When the Teacher Is Ready, the Student Will Go

It took most of a year and several pounds of sugar but Mrs. Perdicaris finally allowed Ruth to approach, groom, and even ride her, but, for
this
trip, Kimble still sat on her back. Ruth rode a mare borrowed from the Kenneys. The horse's name was Susan, after her late mother, Suze.

For the first leg, to the capital, it was just the two of them. They stayed overnight with
Thây
Hahn and Thayet. As they were getting ready to leave,
Thây
Hahn asked Kimble, “Where is the Buddha nature?”

“Where is the cup?” said Kimble.

Thây
Hahn smiled, bowed, and said, “Travel safely.”

Thayet hugged him fiercely and whispered, “I'm not going to wait for you.”

He squeezed her back. “I love you, too, kid. Run away from the boys until you catch them. Oh, and try staying awake through meditation.”

She cried on his shirt before running into the house.
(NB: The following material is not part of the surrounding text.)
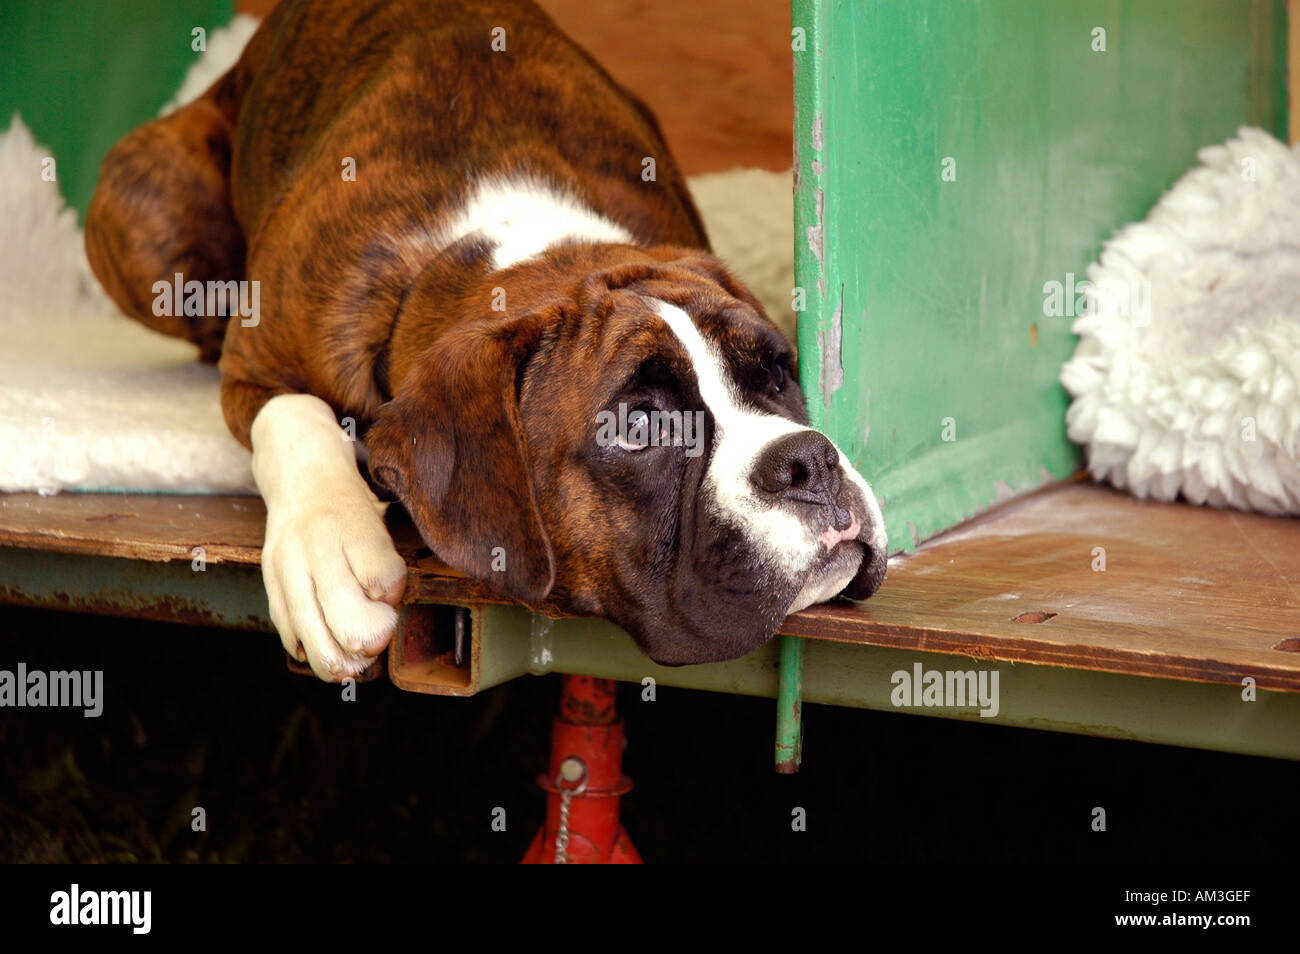 Boxer Dog Scottish Kennel Club Stock Photos & Boxer Dog Scottish ...
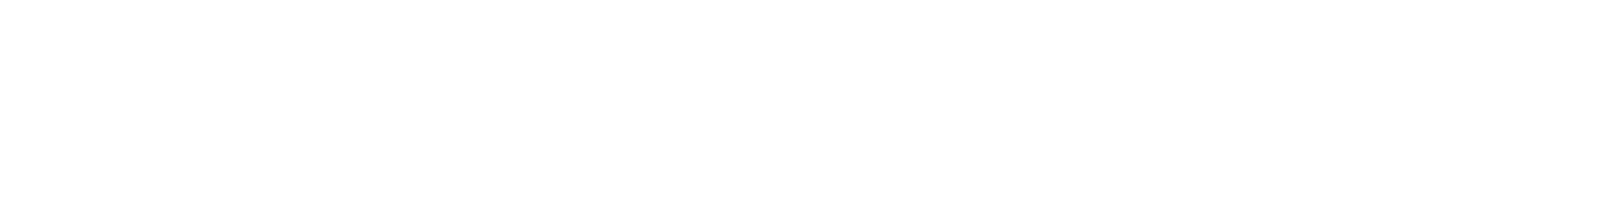 Stenon logo

Bentham joined them at Northgate and they left the city.

“Sushi. You've got to try sushi.”

“Milk shakes,” said Major Bentham.

“Raspberry sorbet,” said Ruth.

“Café latte.”


Caramel
café latte.”

Kimble let it wash over him. Those were the things they missed from outside. No doubt he'd find his own. “I've had ice cream and sorbet.”

“Sure,” said Ruth. “In the
winter
.”

Bentham chimed in. “Try it when it's hot outside.”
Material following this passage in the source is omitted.